By Dale Critchley, Policy Manager, Workplace Benefits at Aviva
The priority for the PDP is to deliver a dashboard with the widest possible coverage in terms of the number of customers and pension schemes that can be included. Consumer testing with pension scheme members has shown little tolerance for missing pensions, meaning the first task is to reunite the typical person approaching retirement with an average of 11 different schemes.
The need to reunite people with their pensions is unequivocal, and a key deliverable for early iterations of the dashboards.
Success will rely on the accuracy of scheme data, but also the sophistication of the logic matching the personal data, sent to the scheme by the “pension finder”, with scheme data. This is something that individual pension schemes will be responsible for. If the matching logic can’t identify that “Ben” and “Benjamin”, or even “Road” and “Rd.” are a match there’s a risk that people won’t find all of their pensions.
Once pensions are traced, a key aim of the Dashboard programme is to combine information from different types of scheme into one cohesive and easily understandable view of what an individual might receive as retirement income.
Given the complexity of the UK pensions landscape this is no easy challenge, and the data standard proposals reflect the tension between the need to keep things achievable, within a reasonable timescale, across the widest number of schemes, and the experience of the end user.
The proposal is that schemes will provide the estimated retirement income from the member’s latest annual benefit statement.
While this may provide a reasonable figure in many cases, we can all think of scenarios where providing last year’s statement could give a wildly inaccurate picture of what we now know to be true. The most obvious is where someone has left the scheme since the last statement, so future accrual assumed in the statement simply won’t happen.
Other scenarios such as a transfer out or in, a pay rise, a significant contribution increase or decrease, taking part of your benefits, or a significant market movement, could all mean last year’s statement doesn’t provide a dependable view of prospective income in retirement. And does this mean a new joiner won’t see their value on the dashboard for up to a year?

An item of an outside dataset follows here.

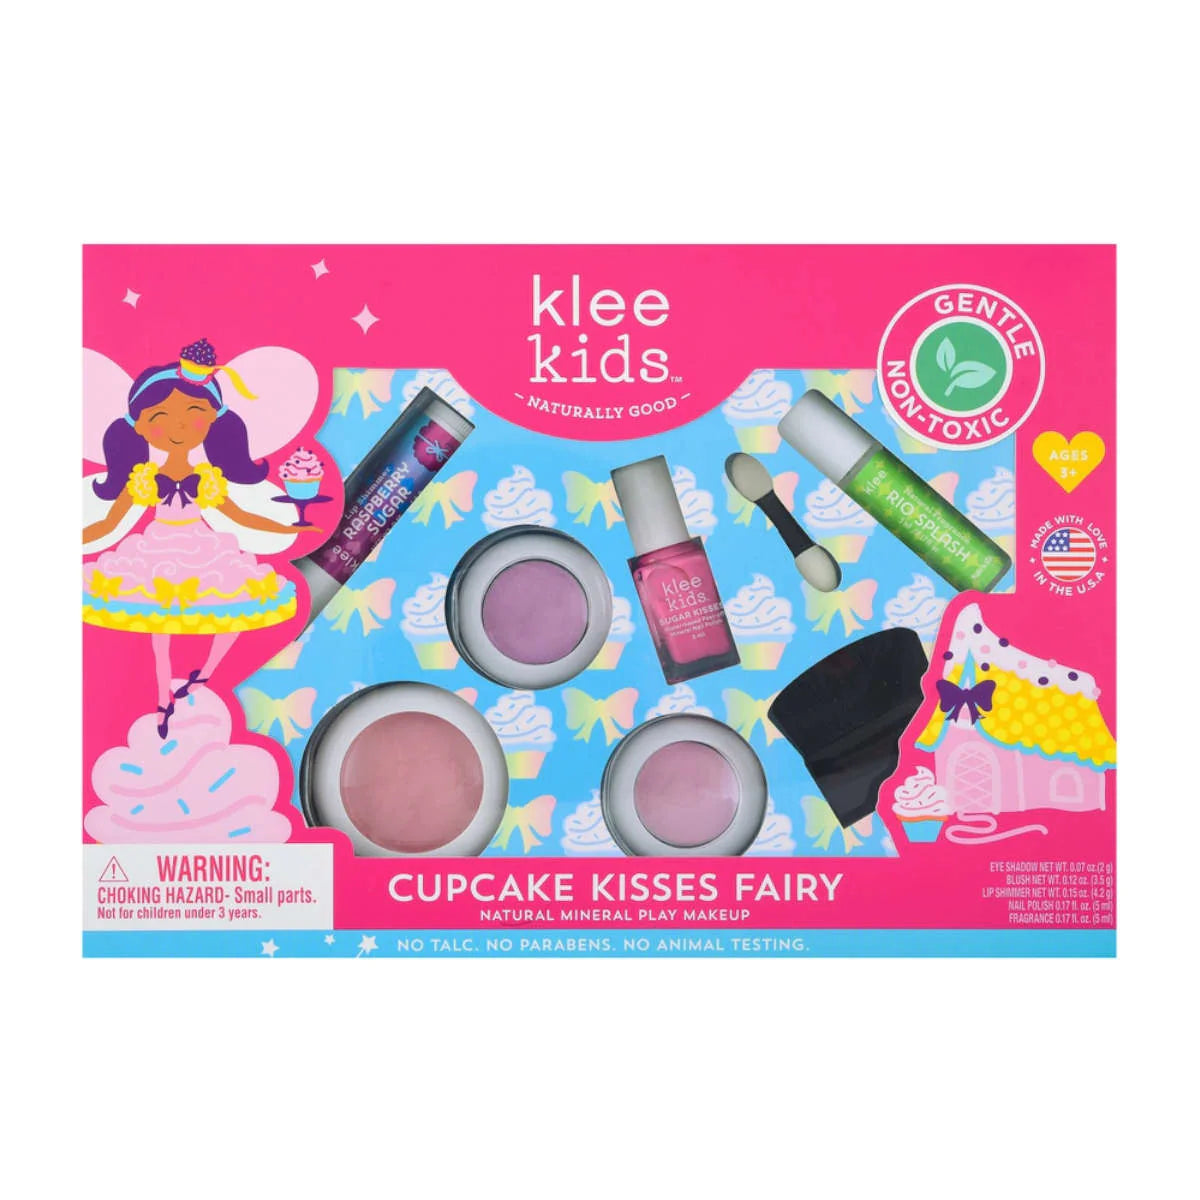 Klee Cupcake Kisses Fairy

Using the annual benefit statement should provide some consistency around projected benefits, although money purchase pension schemes may use different rates of return for even the same asset class, meaning that a higher projection won’t necessarily mean the scheme is delivering better value.
As a provider of modern pension schemes our customers are used to accessing apps that provide the real time position of their pension benefits, with the ability to model their retirement income at different dates and with different assumptions.
The challenge for dashboards is greater, they need to deal with the full range of UK pensions, but modern provider provision may drive consumer expectations.
The use of last year’s benefit statement might be valid where real time solutions can’t be delivered. If the pension scheme administrator/trustee is aware that an SMPI could be misleading for a customer, being able to show a nil return might be better than something that could undermine confidence in the numbers provided.
But where real time data can be provided, regulators should perhaps think about mandating that requirement. Over time the number of schemes that can’t provide accurate data will decline, and we can move forward with the kind of interactive dashboard experience people need to help them plan for the future.
If we start with too much of a compromise, the consumer’s experience, and the dashboard’s utility, could be lacking from the outset.